- [Information provided]:
○ ○ ○
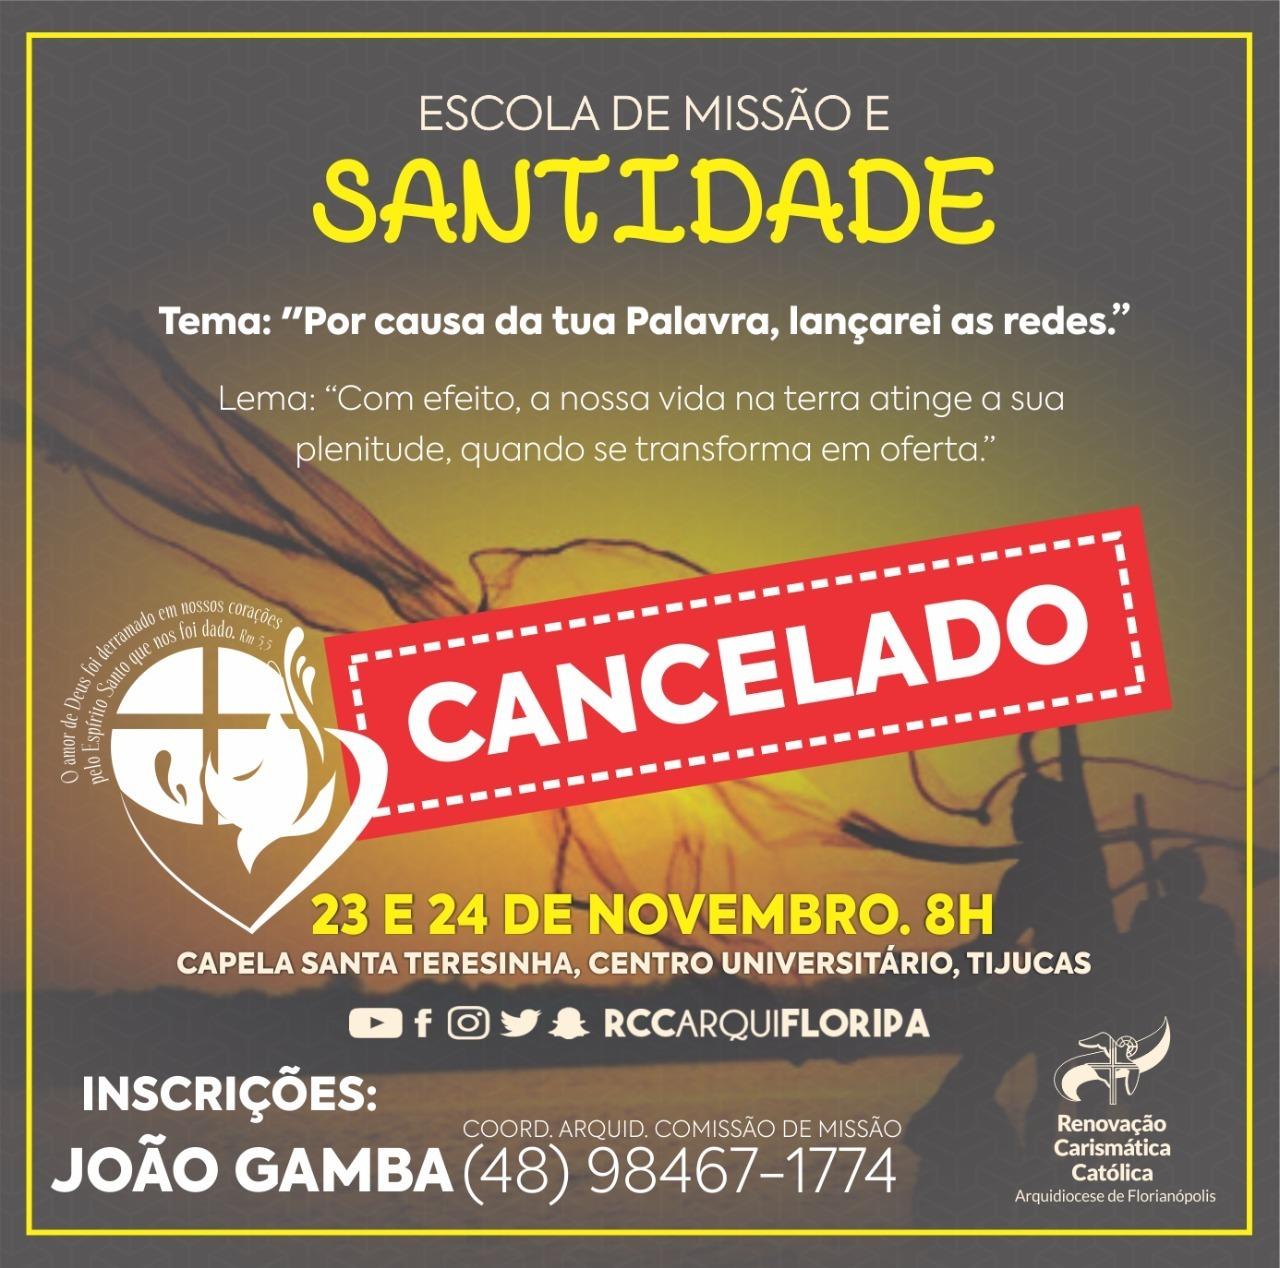 Comunicado: Escola de Missão e Santidade foi adiada
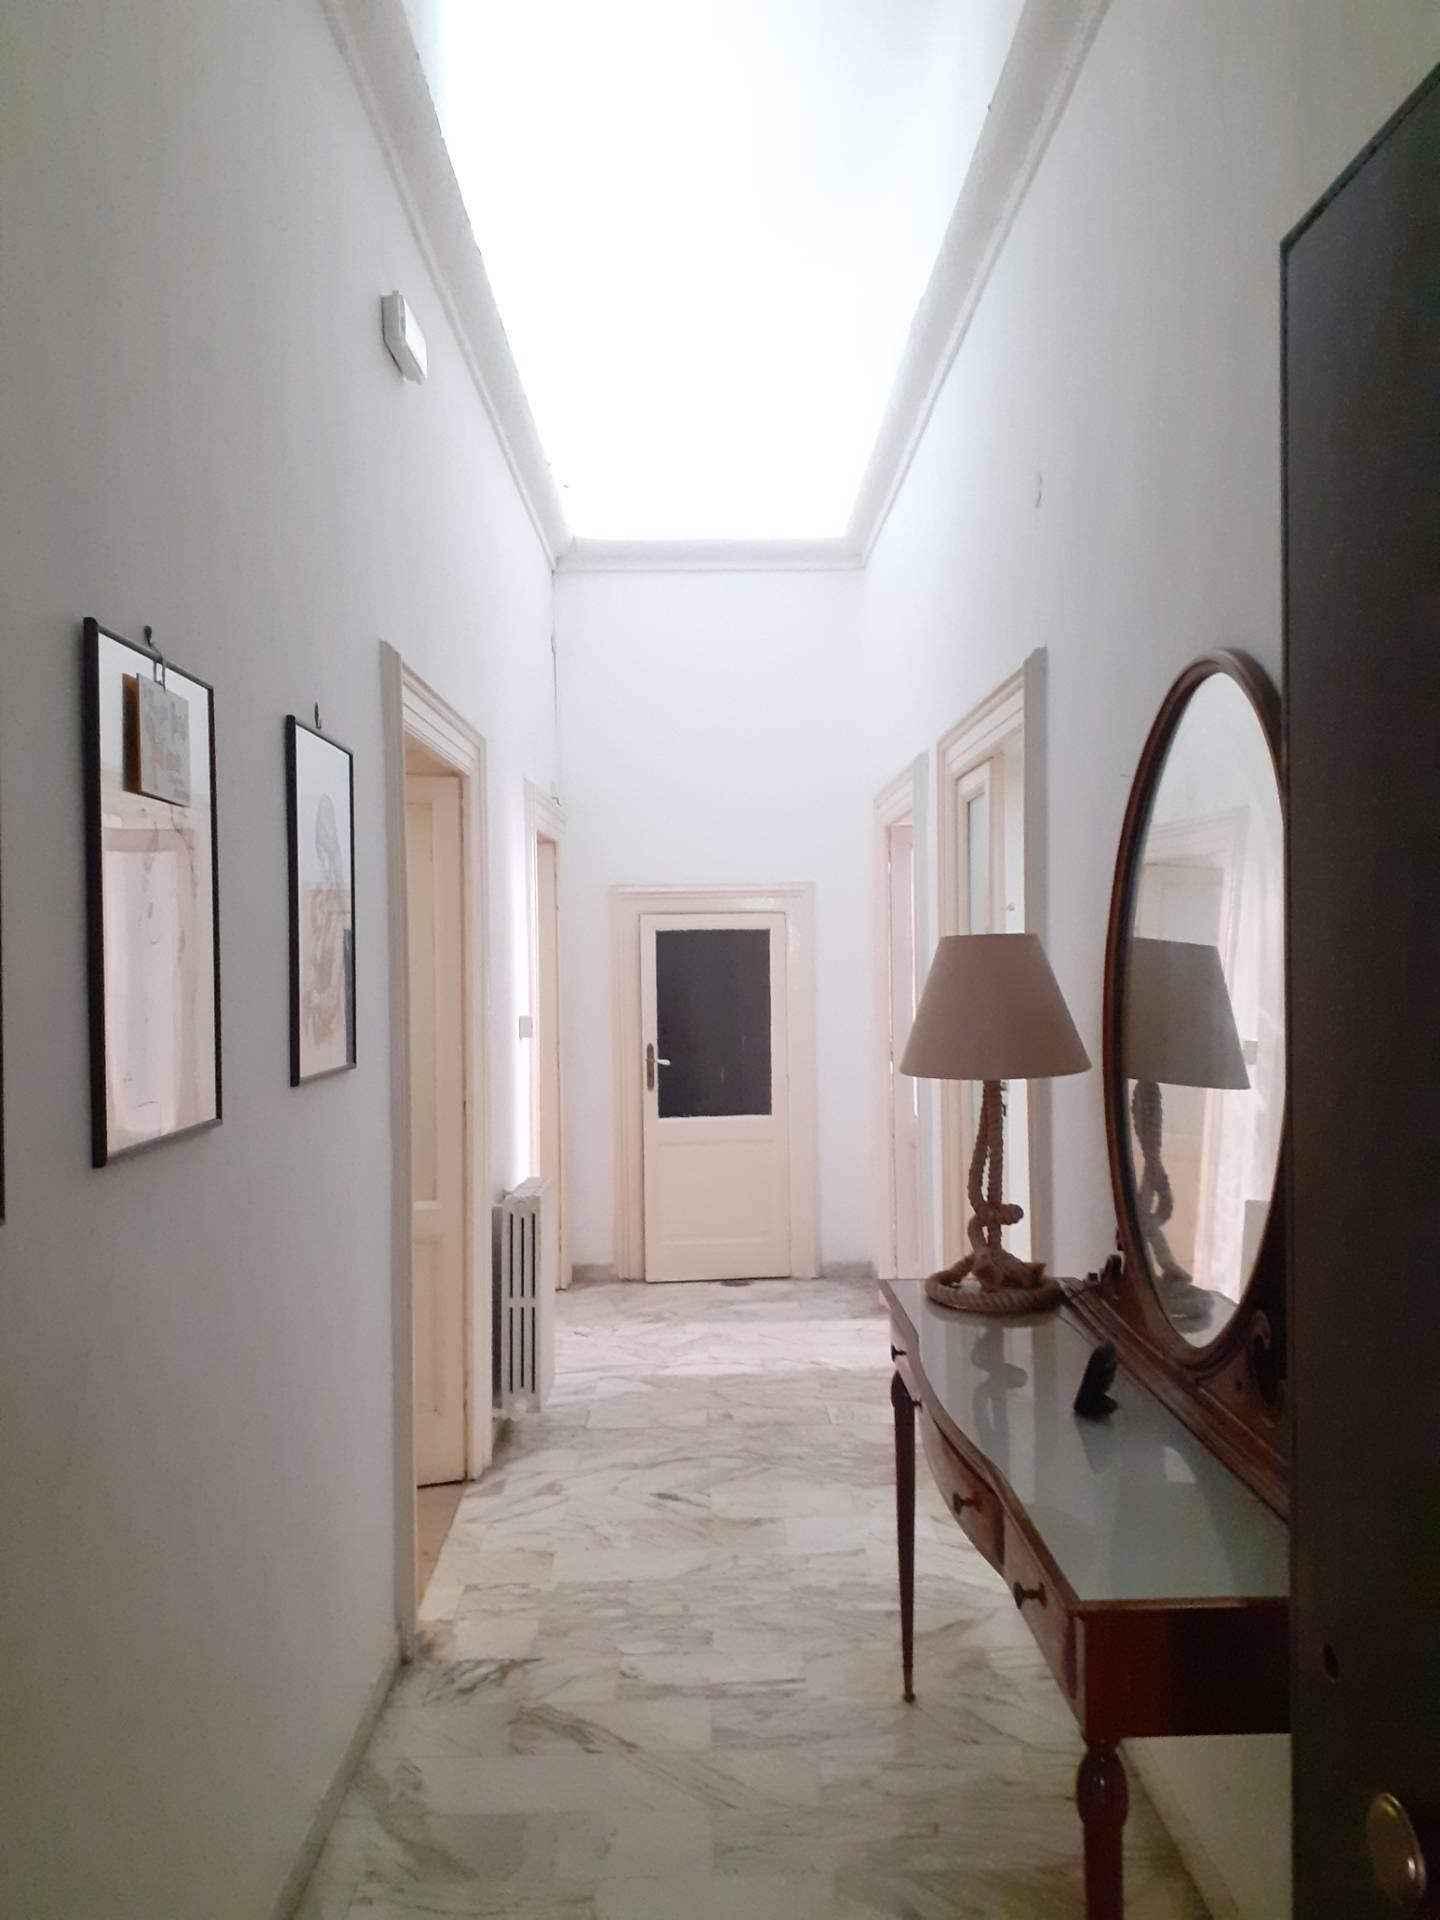 Appartamento in affitto a Taranto, 4 locali, zona Zona: Borgo, prezzo € 400 | CambioCasa.it
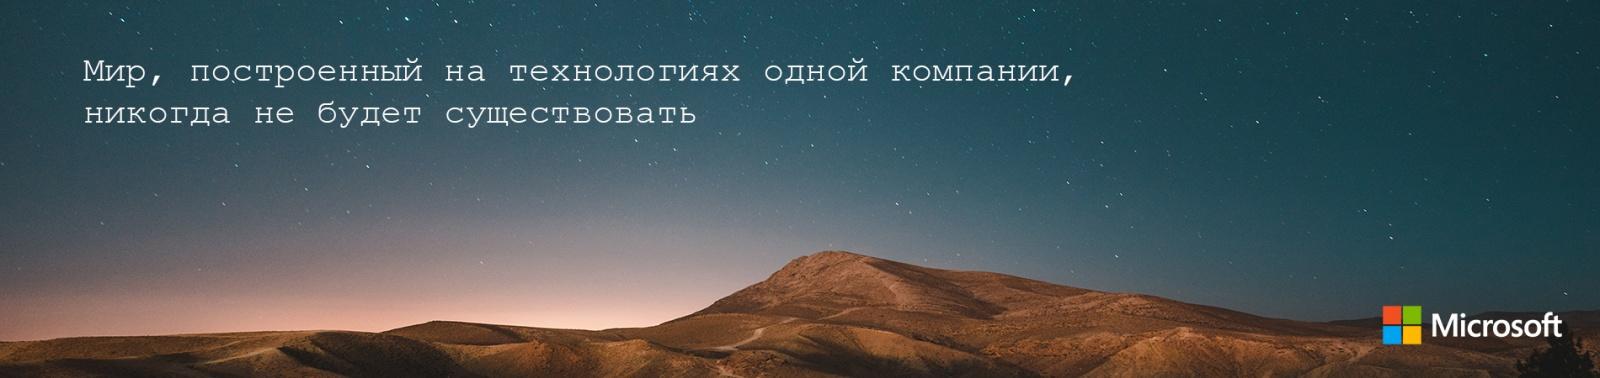 Digital Transformation: Интервью с Александром Ложечкиным - 3
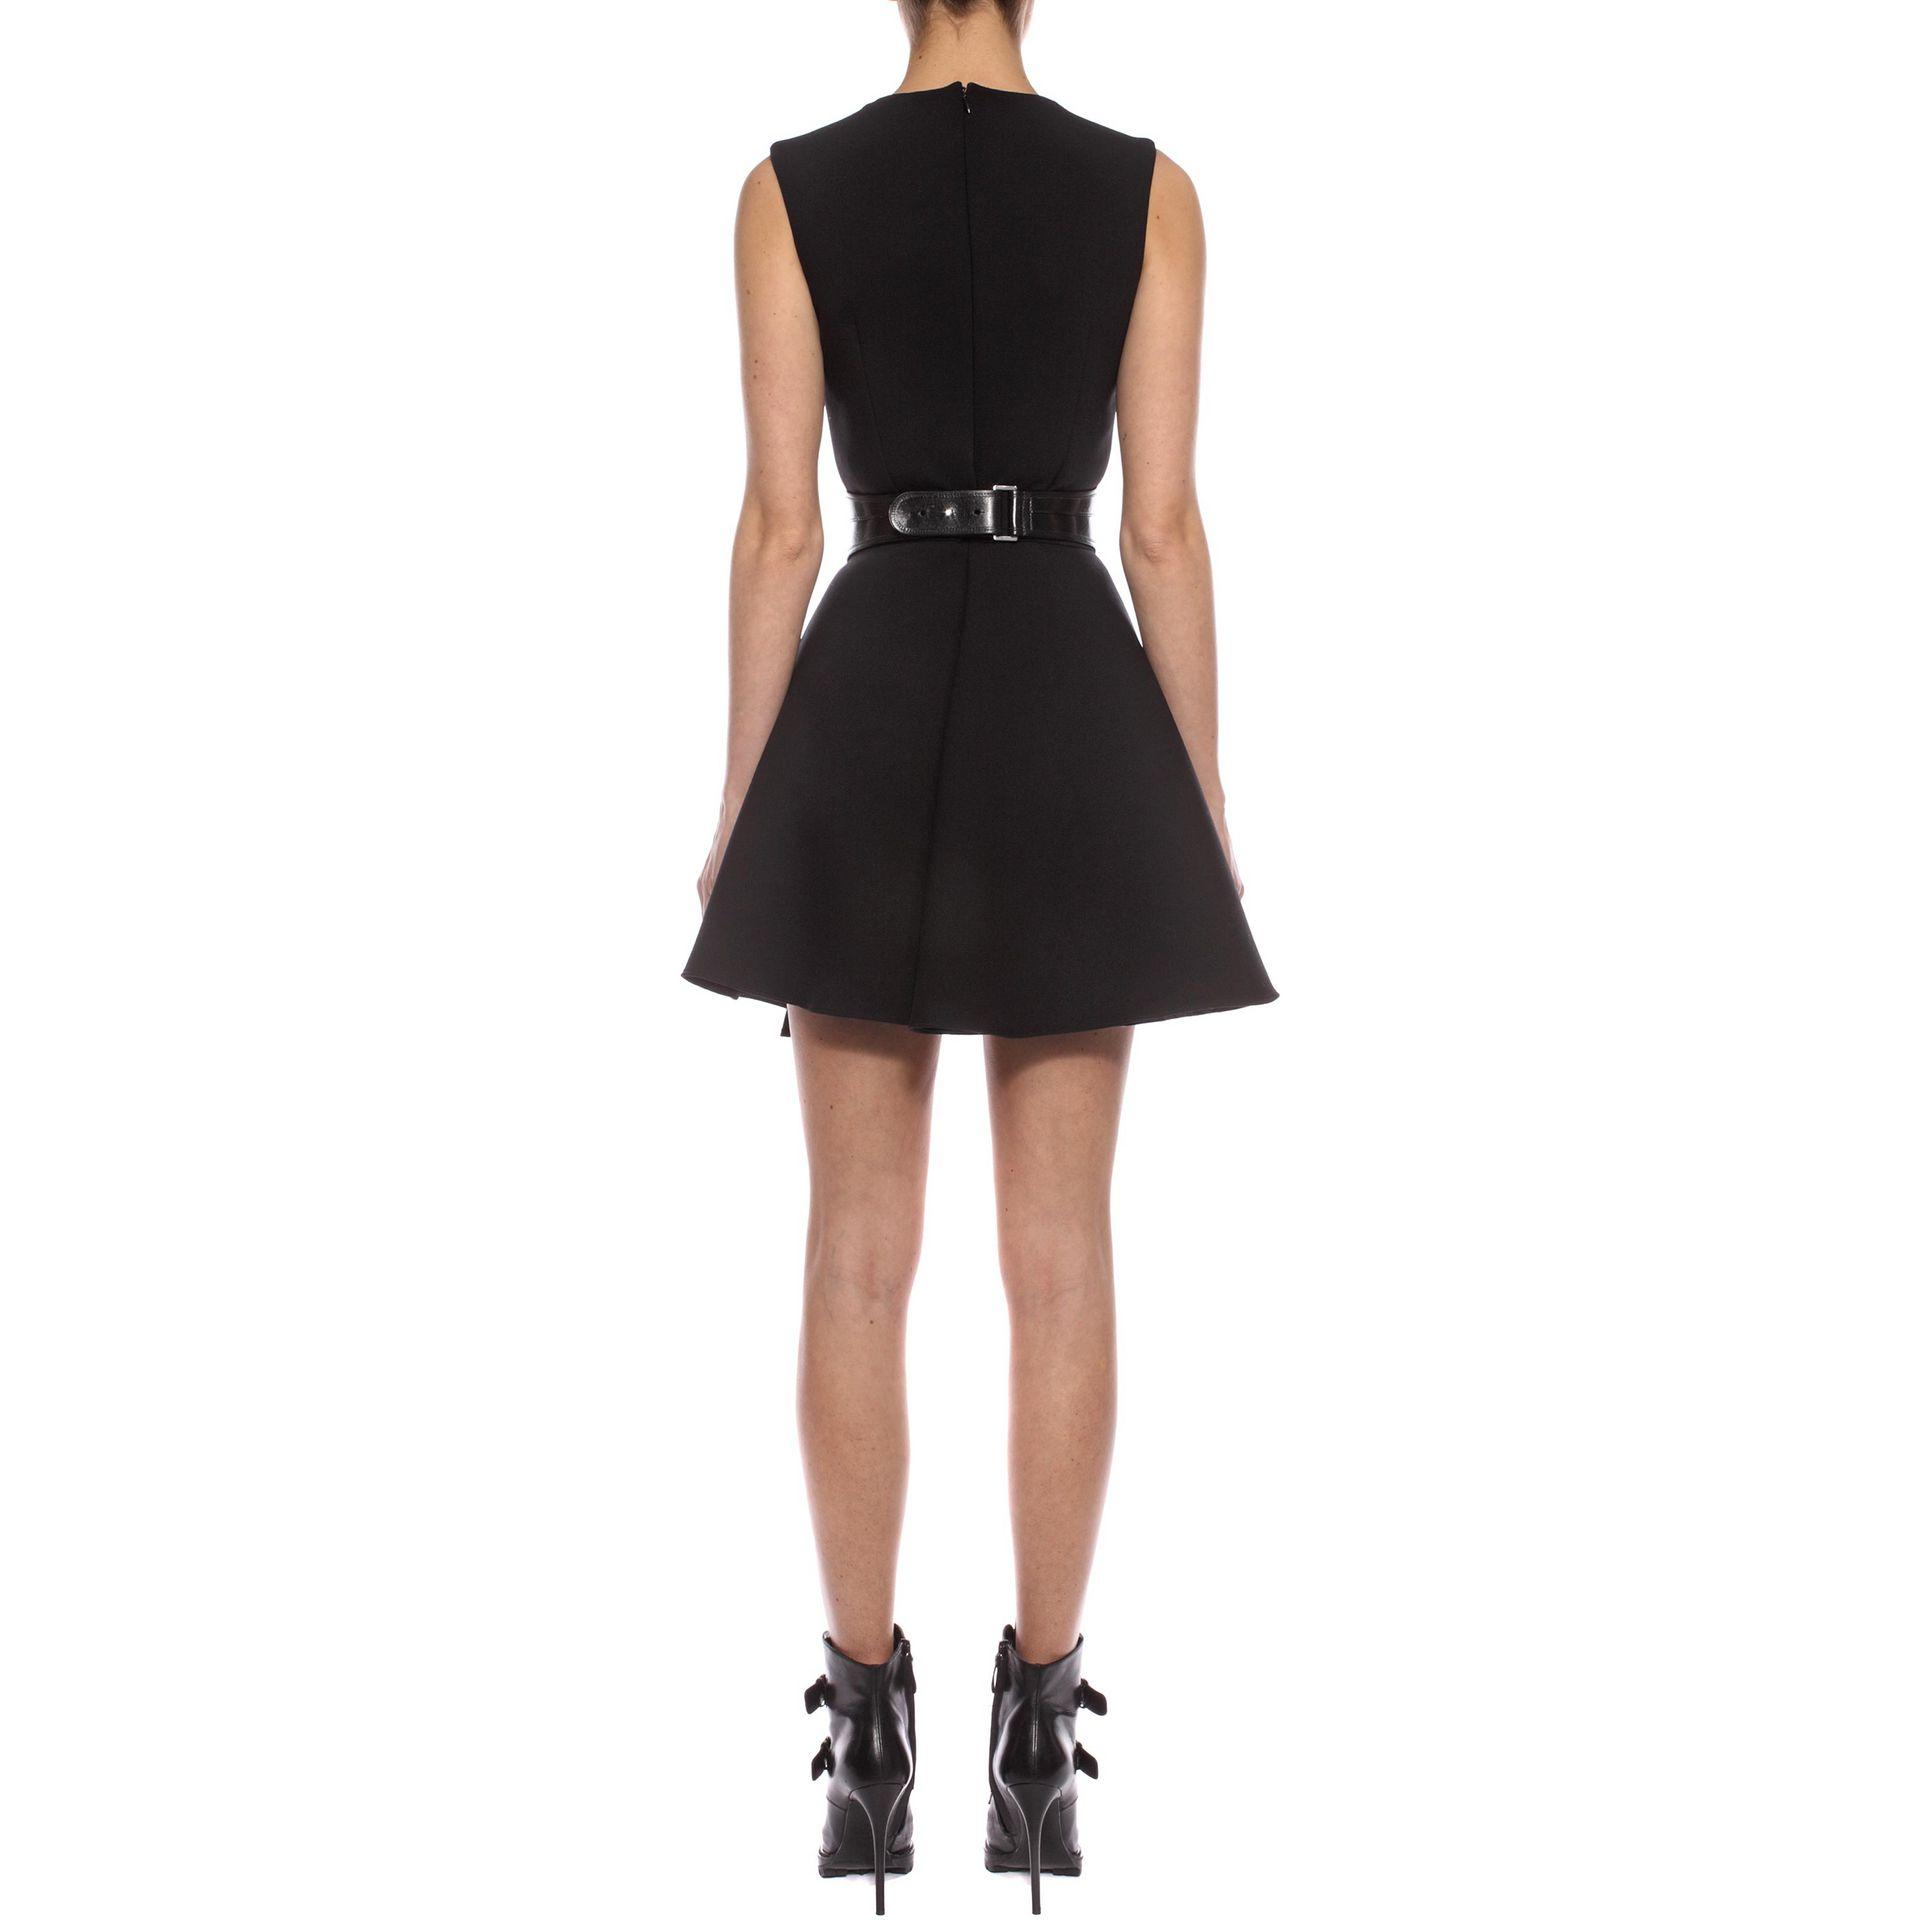 d237cc2f5b Lyst - Alexander McQueen Folded Drape Mini Dress in Black
○ ○ ○
- [To do]:
The material above must be reproduced line for line, with the images omitted.

- [Exercise solution]:
 Comunicado: Escola de Missão e Santidade foi adiada
 Appartamento in affitto a Taranto, 4 locali, zona Zona: Borgo, prezzo € 400 | CambioCasa.it
 Digital Transformation: Интервью с Александром Ложечкиным - 3
 d237cc2f5b Lyst - Alexander McQueen Folded Drape Mini Dress in Black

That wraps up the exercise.